The maths here is to take the total stake of £240, multiply it by the implied probability of each outcome (40% and then 43.47% in two separate calculations), then divide that by the combined market margin of 83.47%.
- 240 x 40 = 9,600 ÷ 83.47 = 115.01
- 240 x 43.47 = 10,432.8 ÷ 124.98
So your bet on Outcome 1 (odds of 2.50) would be £115.01 and your bet on Outcome 2 (odds of 2.30) would be £124.99, giving you a total outlay of £240.
If your bet on Outcome 1 wins then you lose your stake of £124.99 on Outcome 2, but you win £172.51 for an overall return of £47.52.
If your bet on Outcome 2 wins then you lose your stake of £115.01 on Outcome 1, but you win £162.49 for an overall return of £47.48.
This obviously looks a million times more attractive but remember we have just plucked these odds out of thin air so the chances of finding anything with a 16%+ yield are slim.
For demonstrative purposes though you can see how it works whether you find the opportunity at two bookies or at a bookie and at an exchange.

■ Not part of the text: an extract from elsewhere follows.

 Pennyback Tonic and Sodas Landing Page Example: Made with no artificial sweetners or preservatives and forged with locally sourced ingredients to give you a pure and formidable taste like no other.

There are also software services out there that can not only do the maths for you if you input the odds, but even some that can find arbs in the first place so all you have to do is place the bets. They aren’t free though.
Is Arbitrage Betting Legal?
Since arbitrage betting is using your brain to take advantage of mathematical differences between different bookies there is nothing illegal about it.

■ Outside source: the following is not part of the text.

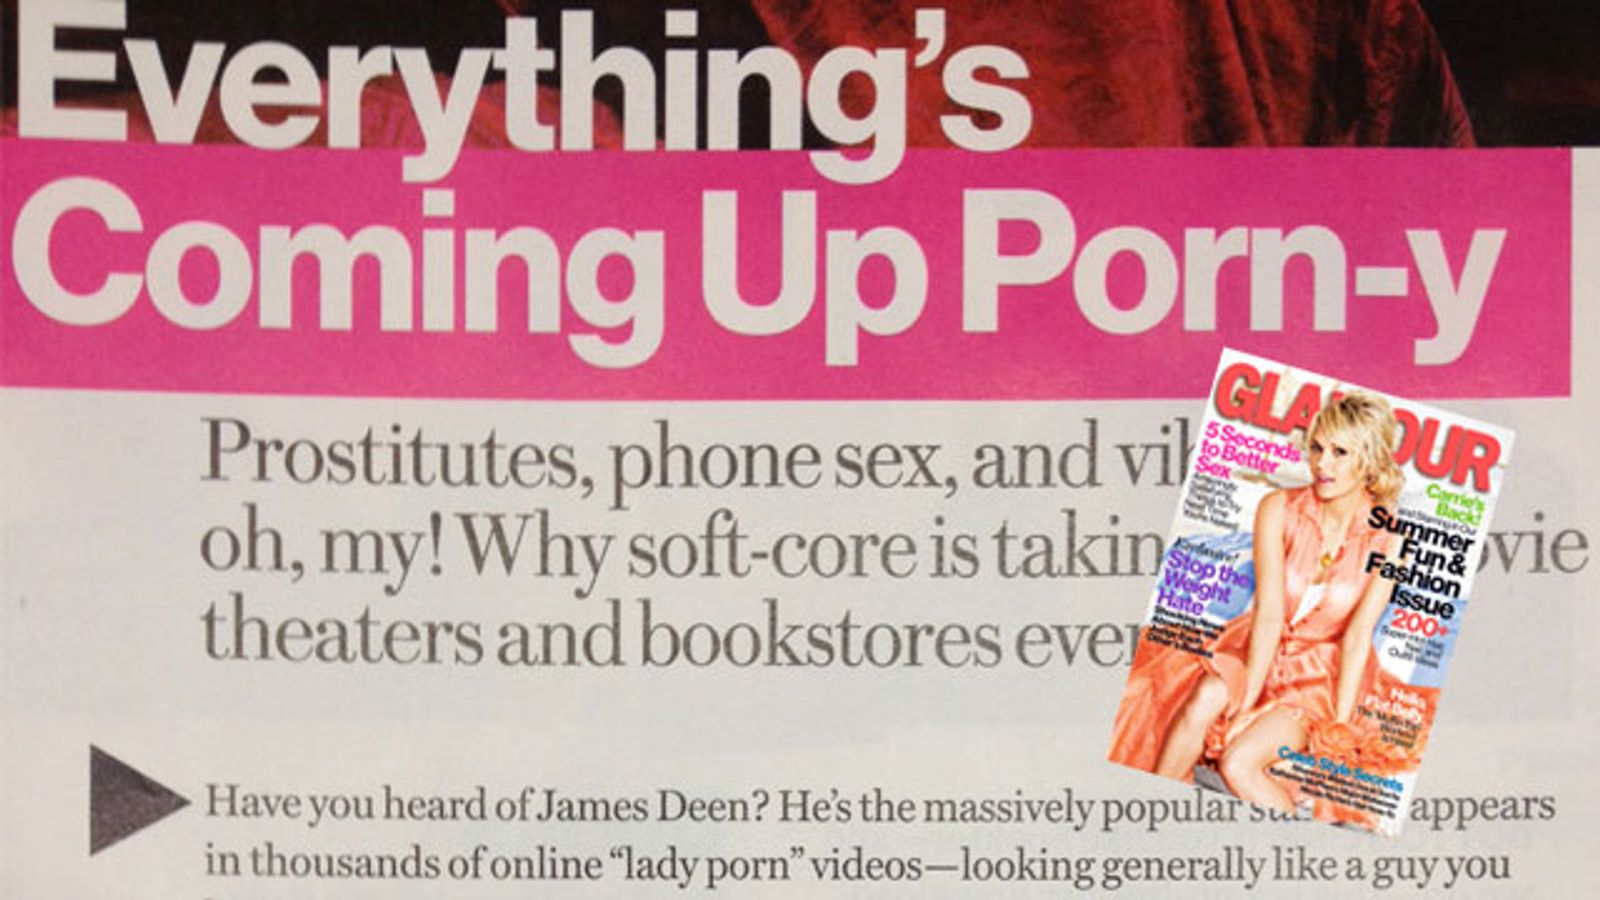 'Glamour' (Sort of) Discovers Porn, Earth Continues to Spin

A good arber is simply skilled and intelligent enough to spot and exploit an opportunity, they aren’t breaking any laws or stealing or anything like that.
However, bookmakers have the right to refuse service to anyone and have their own in house terms and conditions, so while there is no law to prohibit you from arbing there is equally no law that says the bookie has to let you do it.
Still, you won’t end up in court for it or anything, but you might end up in the bookies bad books.
The Problem with Arbing
Although arbing works so long as the maths are sound, it isn’t always easy.
Finding the opportunities without software (that usually costs money unless you can create it yourself) is difficult, but not impossible, although you will need to be quick to make your bets before the odds move.
On top of this, the margin that you can make is often fairly small, so you need to do it a lot to make it worthwhile unless you can place very large bets. But the larger your bet the more likely the bookie is to spot what you are doing, and the more money you will need in your exchange account as liability which can be prohibitive to a lot of people. That takes us on nicely to the next issue.
Even if making smaller bets, you will still need a good deal of money in your exchange accounts in order to cover your lay bets, as you are essentially operating as a bookmaker for these, and will need to pay out if/when your lay bets lose. Of course, if your lay bet loses it means your back bet has won, so the money is essentially just in a different place, but you still need a fair whack up front in order to arb.
When backing an outcome you only need the amount of your stake, so you don’t have the same issue with your back bets.
Given the amount of money at stake even for smaller arbs, any tiny error or mis-timed bet can cause catastrophic losses.
Lastly, if a bookie catches on to what you are doing they may well close or limit your account. This is known as ‘gubbing’, and it makes it impossible for you to carry on.
The bookie will either not allow you to bet at all, or limit your stakes to such small sizes that it’s just not worth the effort.
There are strategies that really determined arbers use to hide what they are doing, such as making ‘mug bets’, only backing in betting shops using cash, and rounding stake sizes up or down, but online bookies are pretty good at spotting arbitrage betting patterns, so most people who arb are living on borrowed time.